• Requirement:
Both the line with "Should I Deadhead" and the line with "Cinematic Still scenes" in the records below must appear in the output, along with every line between them, exactly and with nothing added.

• Stored dataset items:
----------
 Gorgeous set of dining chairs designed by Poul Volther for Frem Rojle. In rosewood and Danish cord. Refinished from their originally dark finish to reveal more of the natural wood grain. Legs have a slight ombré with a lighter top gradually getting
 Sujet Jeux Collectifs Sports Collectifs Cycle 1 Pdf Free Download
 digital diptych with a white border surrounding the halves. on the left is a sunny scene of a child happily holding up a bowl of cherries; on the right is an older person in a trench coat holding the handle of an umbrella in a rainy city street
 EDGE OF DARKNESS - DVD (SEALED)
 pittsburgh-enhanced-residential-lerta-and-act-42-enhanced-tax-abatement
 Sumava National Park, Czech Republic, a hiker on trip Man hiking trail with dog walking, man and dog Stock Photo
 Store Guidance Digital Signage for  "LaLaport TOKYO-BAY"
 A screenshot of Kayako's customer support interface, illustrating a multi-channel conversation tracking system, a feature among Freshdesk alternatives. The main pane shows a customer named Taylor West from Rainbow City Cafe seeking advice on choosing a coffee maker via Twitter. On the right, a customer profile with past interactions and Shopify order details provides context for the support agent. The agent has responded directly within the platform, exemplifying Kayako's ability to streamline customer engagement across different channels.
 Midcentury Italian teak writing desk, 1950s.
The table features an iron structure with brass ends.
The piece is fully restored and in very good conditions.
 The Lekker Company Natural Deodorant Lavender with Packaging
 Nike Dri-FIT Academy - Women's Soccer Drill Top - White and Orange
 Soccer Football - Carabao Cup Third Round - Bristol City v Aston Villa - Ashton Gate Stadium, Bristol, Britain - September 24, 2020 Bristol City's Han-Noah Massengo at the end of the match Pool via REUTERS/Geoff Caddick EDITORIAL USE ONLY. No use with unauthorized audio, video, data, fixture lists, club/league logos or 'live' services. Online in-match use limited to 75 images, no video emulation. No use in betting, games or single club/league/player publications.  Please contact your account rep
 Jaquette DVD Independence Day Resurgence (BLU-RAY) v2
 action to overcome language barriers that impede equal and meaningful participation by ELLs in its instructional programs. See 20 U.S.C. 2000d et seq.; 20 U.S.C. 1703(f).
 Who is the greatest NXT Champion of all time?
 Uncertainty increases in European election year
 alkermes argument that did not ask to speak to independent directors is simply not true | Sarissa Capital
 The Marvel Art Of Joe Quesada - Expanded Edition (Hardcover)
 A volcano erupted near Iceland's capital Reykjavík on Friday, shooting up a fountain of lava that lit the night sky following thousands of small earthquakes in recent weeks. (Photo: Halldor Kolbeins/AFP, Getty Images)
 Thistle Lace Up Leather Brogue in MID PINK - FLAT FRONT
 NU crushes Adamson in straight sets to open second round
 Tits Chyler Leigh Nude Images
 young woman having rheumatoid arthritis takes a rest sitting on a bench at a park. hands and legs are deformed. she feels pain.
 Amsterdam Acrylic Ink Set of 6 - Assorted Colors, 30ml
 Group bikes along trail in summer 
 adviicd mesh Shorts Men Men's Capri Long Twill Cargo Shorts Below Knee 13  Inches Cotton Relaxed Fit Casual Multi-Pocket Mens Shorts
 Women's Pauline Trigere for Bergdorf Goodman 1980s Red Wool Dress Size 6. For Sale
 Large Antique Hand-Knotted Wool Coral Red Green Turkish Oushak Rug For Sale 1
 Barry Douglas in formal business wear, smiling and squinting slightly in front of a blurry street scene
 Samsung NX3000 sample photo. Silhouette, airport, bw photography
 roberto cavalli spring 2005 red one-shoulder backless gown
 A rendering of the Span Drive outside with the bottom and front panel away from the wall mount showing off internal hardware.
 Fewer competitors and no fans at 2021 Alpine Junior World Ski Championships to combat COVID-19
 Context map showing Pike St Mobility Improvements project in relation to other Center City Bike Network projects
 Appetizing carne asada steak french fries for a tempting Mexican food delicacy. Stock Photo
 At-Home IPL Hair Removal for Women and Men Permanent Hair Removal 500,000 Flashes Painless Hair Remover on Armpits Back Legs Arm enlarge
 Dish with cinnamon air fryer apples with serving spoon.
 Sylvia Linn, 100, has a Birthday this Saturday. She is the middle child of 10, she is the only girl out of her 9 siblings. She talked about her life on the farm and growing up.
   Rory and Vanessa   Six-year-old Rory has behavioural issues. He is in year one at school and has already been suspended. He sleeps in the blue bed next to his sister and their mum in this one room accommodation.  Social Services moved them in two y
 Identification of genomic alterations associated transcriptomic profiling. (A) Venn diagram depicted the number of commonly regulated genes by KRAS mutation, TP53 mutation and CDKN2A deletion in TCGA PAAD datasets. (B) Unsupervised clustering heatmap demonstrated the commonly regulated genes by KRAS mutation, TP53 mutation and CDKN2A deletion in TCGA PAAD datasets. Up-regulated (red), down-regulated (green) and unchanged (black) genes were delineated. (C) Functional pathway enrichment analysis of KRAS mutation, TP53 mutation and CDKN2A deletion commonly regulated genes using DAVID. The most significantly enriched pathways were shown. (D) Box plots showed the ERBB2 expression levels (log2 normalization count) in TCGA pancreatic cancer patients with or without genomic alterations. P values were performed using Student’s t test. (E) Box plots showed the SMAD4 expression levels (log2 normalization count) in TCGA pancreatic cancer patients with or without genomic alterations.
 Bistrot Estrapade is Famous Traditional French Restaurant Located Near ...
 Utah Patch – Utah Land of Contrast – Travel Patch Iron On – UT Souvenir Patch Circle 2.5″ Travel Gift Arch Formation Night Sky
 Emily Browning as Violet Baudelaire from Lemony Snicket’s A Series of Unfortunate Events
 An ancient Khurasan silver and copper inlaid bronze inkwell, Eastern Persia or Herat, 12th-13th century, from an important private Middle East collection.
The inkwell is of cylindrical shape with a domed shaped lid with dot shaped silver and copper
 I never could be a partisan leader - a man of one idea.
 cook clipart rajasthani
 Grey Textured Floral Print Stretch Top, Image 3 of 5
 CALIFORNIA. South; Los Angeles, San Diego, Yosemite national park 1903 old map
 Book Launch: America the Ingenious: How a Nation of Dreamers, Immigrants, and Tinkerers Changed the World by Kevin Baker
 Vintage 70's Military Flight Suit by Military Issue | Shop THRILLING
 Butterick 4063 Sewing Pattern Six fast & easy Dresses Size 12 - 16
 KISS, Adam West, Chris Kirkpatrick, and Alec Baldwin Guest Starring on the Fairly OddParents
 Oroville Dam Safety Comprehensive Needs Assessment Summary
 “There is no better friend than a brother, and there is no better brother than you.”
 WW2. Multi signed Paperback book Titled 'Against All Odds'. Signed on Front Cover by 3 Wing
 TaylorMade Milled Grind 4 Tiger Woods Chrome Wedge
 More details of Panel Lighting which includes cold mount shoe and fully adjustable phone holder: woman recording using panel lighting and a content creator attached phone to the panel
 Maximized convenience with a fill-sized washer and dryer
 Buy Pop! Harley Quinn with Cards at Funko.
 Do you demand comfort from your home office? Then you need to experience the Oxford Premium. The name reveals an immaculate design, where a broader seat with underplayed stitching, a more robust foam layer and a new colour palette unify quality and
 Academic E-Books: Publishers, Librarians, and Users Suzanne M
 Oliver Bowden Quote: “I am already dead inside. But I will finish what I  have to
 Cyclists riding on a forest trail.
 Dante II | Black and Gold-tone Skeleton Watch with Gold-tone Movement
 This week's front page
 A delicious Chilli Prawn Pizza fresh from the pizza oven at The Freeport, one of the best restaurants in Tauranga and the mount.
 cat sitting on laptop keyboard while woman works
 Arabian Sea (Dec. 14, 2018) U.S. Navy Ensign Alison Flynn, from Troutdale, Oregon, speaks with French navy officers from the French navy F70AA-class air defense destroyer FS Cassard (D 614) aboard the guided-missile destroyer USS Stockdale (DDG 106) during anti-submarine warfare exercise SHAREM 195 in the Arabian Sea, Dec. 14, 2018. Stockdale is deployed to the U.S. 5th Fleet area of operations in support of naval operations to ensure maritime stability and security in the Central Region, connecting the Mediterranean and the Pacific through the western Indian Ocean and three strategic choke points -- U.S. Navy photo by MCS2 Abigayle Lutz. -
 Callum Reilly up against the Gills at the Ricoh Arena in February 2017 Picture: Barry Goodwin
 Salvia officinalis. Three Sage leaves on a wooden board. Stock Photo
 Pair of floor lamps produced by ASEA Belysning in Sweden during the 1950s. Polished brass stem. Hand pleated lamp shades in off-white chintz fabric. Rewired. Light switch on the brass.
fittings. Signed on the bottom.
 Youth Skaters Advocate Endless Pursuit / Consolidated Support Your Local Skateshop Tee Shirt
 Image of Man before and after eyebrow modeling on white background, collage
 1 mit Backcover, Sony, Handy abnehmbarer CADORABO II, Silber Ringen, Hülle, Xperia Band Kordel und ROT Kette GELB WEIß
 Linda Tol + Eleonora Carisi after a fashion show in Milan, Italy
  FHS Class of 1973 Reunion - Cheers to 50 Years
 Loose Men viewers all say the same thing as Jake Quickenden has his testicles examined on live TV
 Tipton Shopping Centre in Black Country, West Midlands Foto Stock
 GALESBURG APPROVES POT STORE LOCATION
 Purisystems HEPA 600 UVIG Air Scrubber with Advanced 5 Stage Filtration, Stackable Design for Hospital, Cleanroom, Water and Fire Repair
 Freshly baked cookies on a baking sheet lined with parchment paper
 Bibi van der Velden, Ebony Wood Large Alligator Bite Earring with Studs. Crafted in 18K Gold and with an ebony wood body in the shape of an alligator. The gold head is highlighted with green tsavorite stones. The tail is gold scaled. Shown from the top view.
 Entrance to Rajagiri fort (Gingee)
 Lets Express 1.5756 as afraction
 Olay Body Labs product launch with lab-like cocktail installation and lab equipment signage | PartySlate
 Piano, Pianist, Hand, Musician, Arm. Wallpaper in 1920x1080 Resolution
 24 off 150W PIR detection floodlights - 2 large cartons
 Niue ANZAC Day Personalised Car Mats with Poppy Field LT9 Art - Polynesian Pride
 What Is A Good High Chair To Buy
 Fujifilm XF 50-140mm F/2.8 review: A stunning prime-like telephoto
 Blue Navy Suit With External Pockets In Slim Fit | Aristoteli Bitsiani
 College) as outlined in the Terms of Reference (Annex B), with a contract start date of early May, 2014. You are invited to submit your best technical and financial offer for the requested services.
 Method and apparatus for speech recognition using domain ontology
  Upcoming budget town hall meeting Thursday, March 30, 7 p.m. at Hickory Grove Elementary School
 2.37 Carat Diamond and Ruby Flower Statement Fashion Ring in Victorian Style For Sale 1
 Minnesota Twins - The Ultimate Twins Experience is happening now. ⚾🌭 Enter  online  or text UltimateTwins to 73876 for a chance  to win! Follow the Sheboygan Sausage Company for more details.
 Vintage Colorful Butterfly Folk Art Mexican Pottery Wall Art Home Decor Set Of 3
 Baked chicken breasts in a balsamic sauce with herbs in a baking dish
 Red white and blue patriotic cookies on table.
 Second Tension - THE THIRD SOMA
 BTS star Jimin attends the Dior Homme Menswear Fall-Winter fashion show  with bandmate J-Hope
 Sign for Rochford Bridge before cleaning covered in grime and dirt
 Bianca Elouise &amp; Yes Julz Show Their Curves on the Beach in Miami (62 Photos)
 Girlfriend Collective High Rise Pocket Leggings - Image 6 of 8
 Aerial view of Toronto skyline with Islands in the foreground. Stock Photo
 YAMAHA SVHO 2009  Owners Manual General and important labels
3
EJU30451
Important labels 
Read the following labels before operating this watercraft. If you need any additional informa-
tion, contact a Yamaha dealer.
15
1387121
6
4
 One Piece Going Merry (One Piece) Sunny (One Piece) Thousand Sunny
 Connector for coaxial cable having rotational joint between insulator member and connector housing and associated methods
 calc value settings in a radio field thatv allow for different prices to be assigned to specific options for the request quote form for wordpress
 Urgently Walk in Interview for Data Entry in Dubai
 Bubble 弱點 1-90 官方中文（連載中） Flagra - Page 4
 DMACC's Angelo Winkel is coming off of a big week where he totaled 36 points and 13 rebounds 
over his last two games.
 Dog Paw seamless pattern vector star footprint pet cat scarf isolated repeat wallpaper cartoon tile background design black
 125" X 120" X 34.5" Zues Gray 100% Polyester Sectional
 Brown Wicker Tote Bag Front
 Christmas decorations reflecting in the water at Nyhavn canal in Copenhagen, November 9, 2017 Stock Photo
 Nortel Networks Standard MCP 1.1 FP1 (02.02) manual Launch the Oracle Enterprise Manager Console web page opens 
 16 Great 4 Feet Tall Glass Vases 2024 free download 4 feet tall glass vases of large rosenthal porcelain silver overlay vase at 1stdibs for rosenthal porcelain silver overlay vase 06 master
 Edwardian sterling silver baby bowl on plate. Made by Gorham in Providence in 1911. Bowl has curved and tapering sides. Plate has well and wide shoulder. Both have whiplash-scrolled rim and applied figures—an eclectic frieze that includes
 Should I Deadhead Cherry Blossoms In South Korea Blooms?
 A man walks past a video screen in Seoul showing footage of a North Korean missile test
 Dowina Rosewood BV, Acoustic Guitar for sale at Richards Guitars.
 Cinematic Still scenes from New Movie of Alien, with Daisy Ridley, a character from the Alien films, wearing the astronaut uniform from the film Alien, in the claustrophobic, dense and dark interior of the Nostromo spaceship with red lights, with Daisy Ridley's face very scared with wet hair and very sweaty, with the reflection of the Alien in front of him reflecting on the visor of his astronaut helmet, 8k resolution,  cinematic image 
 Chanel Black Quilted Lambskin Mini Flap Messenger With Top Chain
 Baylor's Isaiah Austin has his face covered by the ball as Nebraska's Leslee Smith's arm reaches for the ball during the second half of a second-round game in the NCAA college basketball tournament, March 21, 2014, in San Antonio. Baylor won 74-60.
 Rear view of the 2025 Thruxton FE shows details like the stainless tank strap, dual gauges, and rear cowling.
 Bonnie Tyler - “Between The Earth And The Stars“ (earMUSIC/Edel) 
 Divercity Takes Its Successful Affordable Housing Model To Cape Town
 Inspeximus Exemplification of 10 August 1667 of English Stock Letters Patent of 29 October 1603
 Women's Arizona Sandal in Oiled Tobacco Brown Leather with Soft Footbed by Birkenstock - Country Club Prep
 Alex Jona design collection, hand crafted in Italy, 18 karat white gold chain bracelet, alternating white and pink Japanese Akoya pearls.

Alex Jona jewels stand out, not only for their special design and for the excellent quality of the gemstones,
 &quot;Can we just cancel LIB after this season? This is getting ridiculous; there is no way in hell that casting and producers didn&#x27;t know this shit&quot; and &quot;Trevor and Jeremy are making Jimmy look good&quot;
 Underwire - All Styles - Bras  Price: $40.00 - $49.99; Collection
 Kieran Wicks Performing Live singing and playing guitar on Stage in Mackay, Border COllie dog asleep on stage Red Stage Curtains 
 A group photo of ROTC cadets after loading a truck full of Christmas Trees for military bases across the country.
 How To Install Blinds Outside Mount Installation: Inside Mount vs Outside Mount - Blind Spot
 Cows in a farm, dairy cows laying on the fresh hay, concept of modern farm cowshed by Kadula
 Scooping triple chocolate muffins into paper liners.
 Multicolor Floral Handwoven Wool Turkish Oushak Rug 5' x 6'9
----------
• Task solution:
 Should I Deadhead Cherry Blossoms In South Korea Blooms?
 A man walks past a video screen in Seoul showing footage of a North Korean missile test
 Dowina Rosewood BV, Acoustic Guitar for sale at Richards Guitars.
 Cinematic Still scenes from New Movie of Alien, with Daisy Ridley, a character from the Alien films, wearing the astronaut uniform from the film Alien, in the claustrophobic, dense and dark interior of the Nostromo spaceship with red lights, with Daisy Ridley's face very scared with wet hair and very sweaty, with the reflection of the Alien in front of him reflecting on the visor of his astronaut helmet, 8k resolution,  cinematic image 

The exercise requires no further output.